Exercise: Repeat exactly the lines of the material below that run from the "vivienda en candem" line to the "Montana - Vector Abstract" line, including both, and do not carry over any pictures.

Supplied records:
►

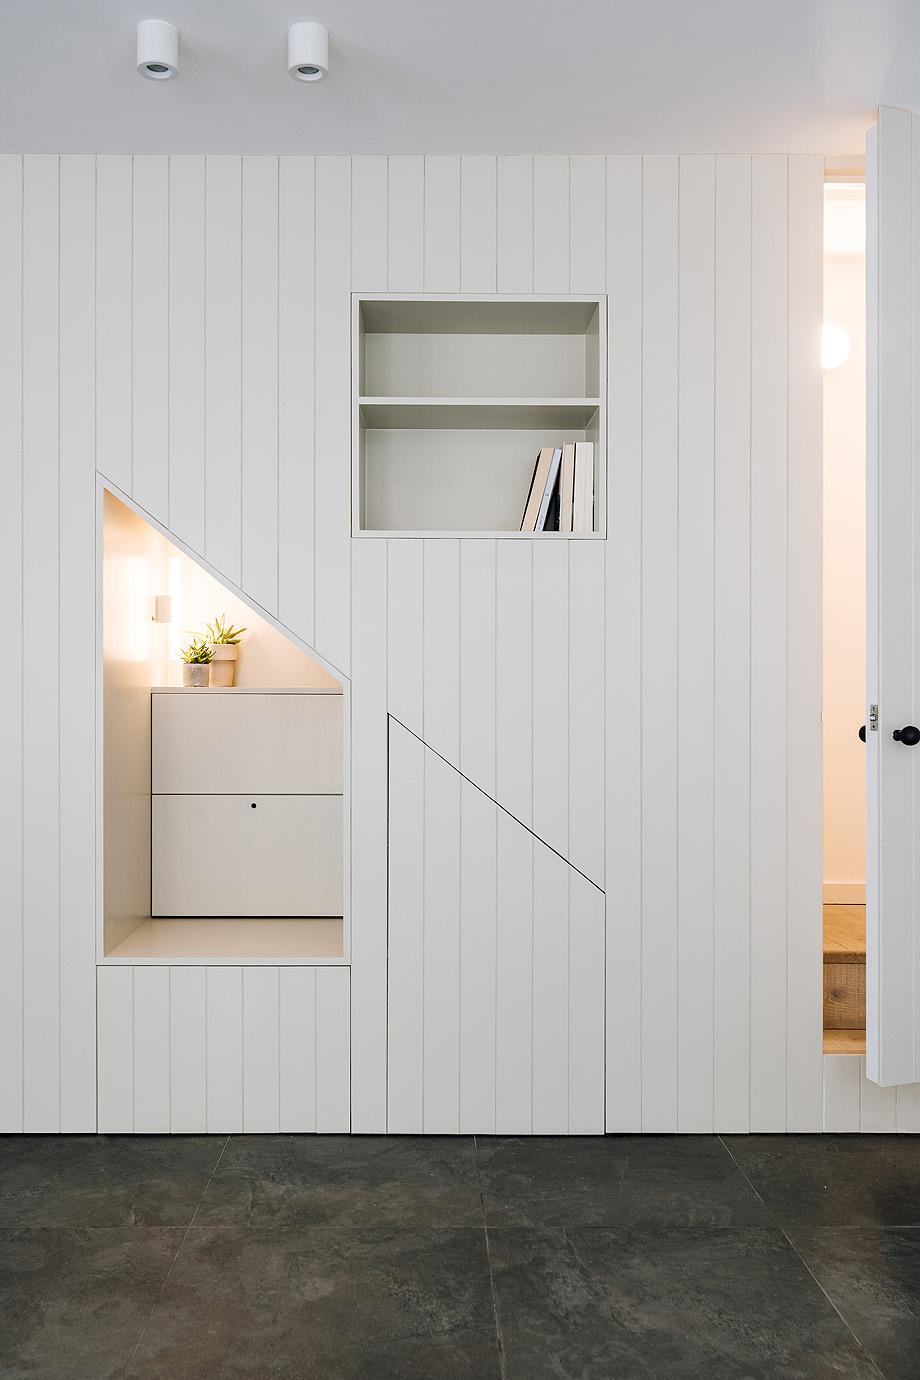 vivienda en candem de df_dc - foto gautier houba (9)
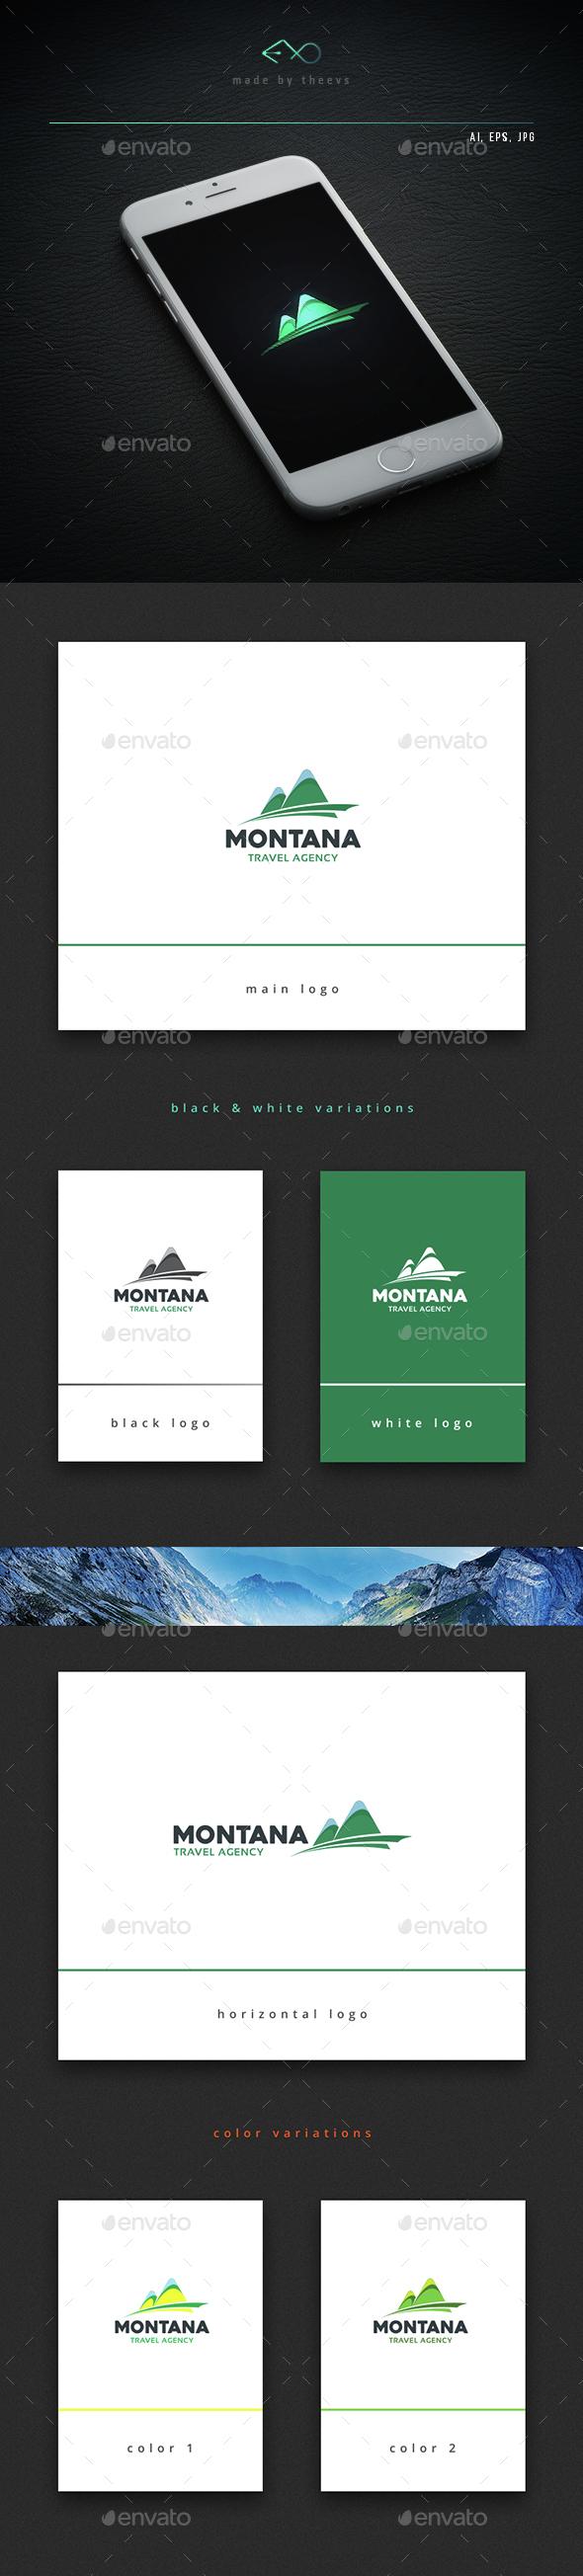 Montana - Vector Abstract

◄
►

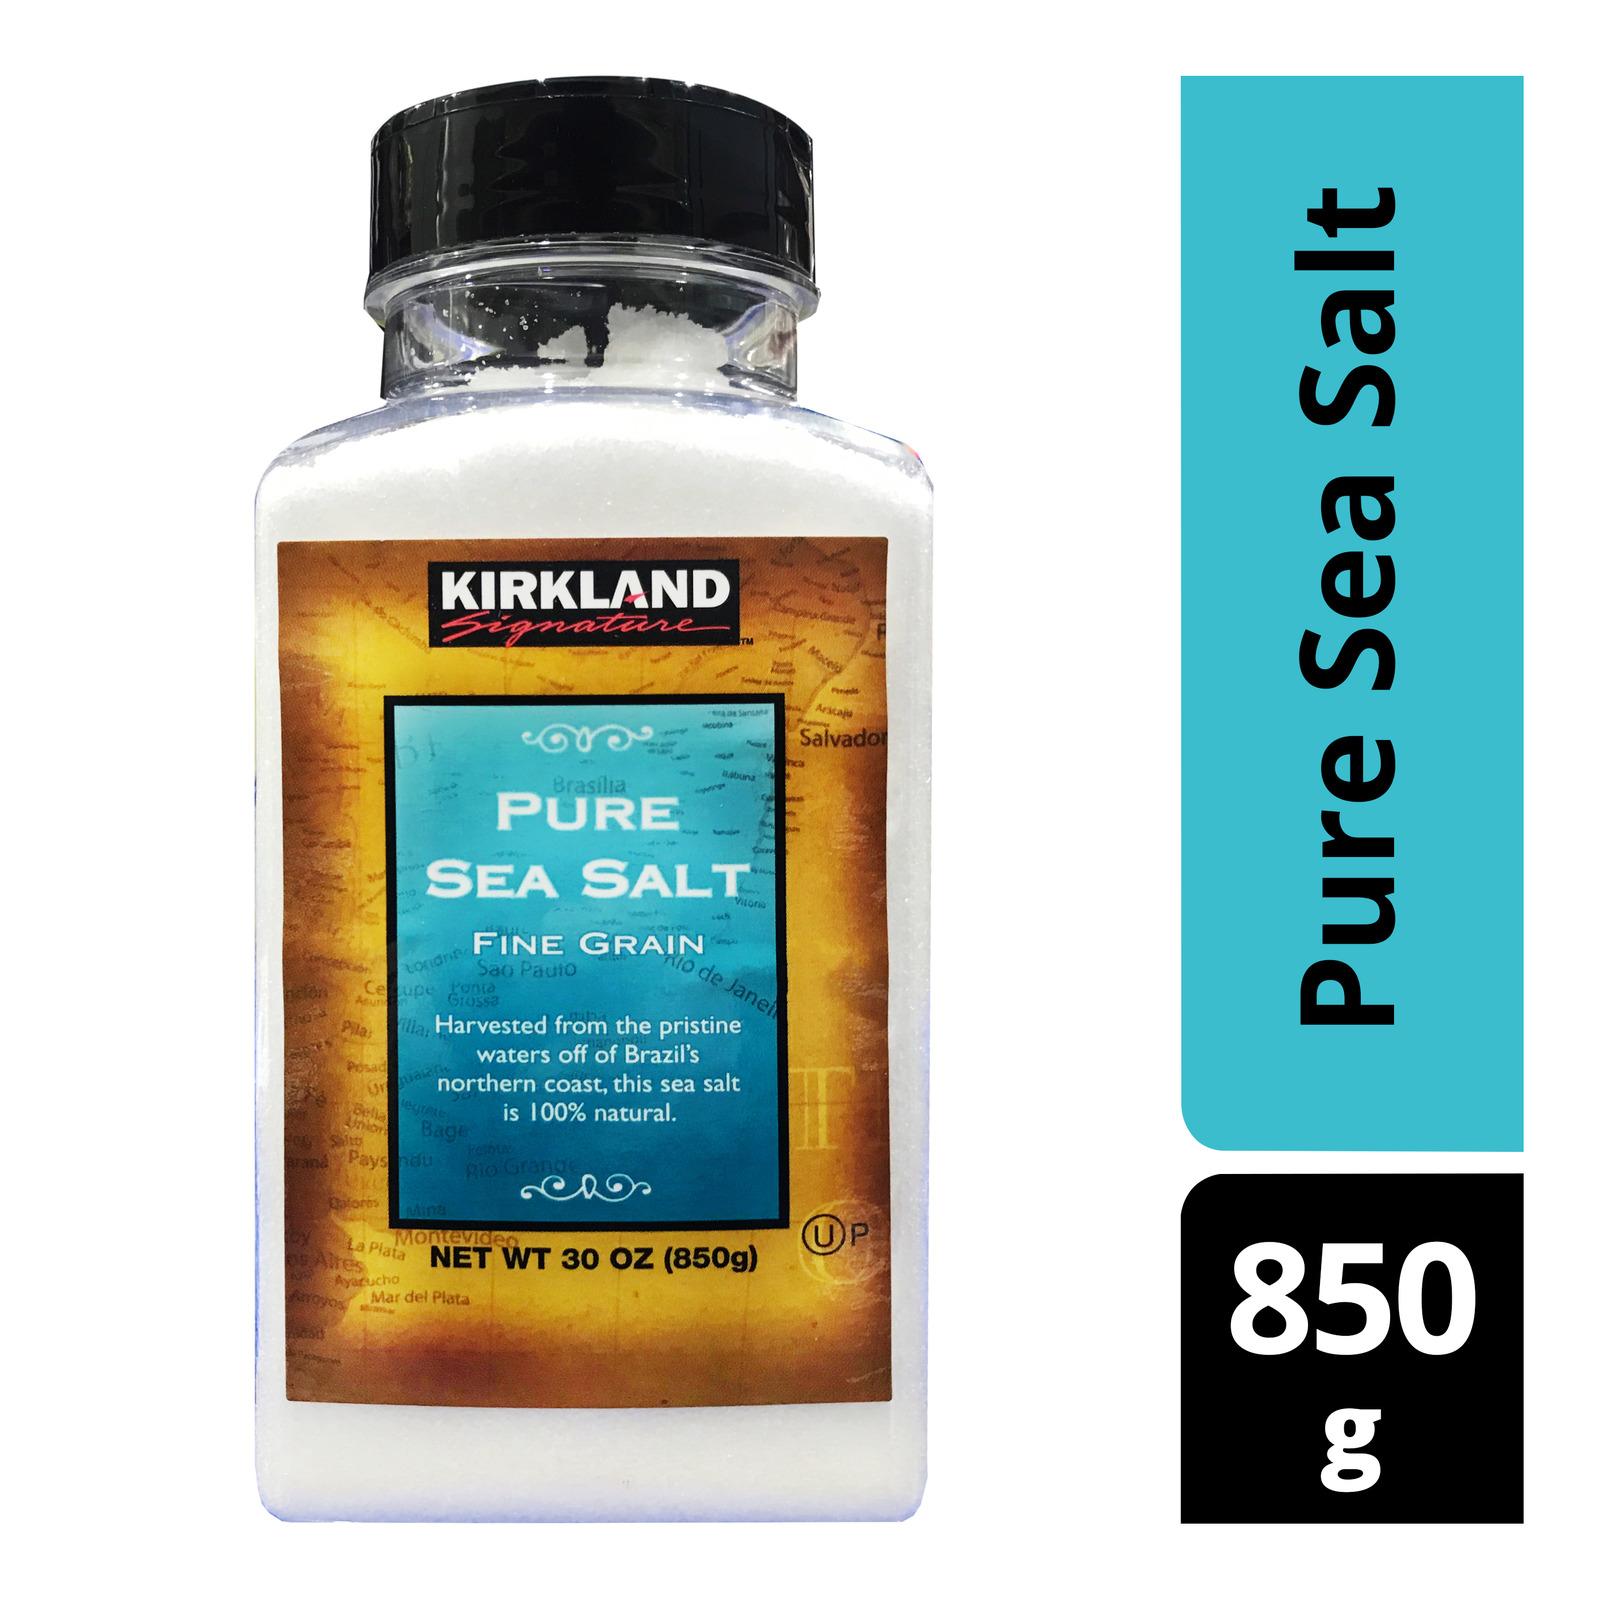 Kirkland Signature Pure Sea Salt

◄

Your response:
 vivienda en candem de df_dc - foto gautier houba (9)
 Montana - Vector Abstract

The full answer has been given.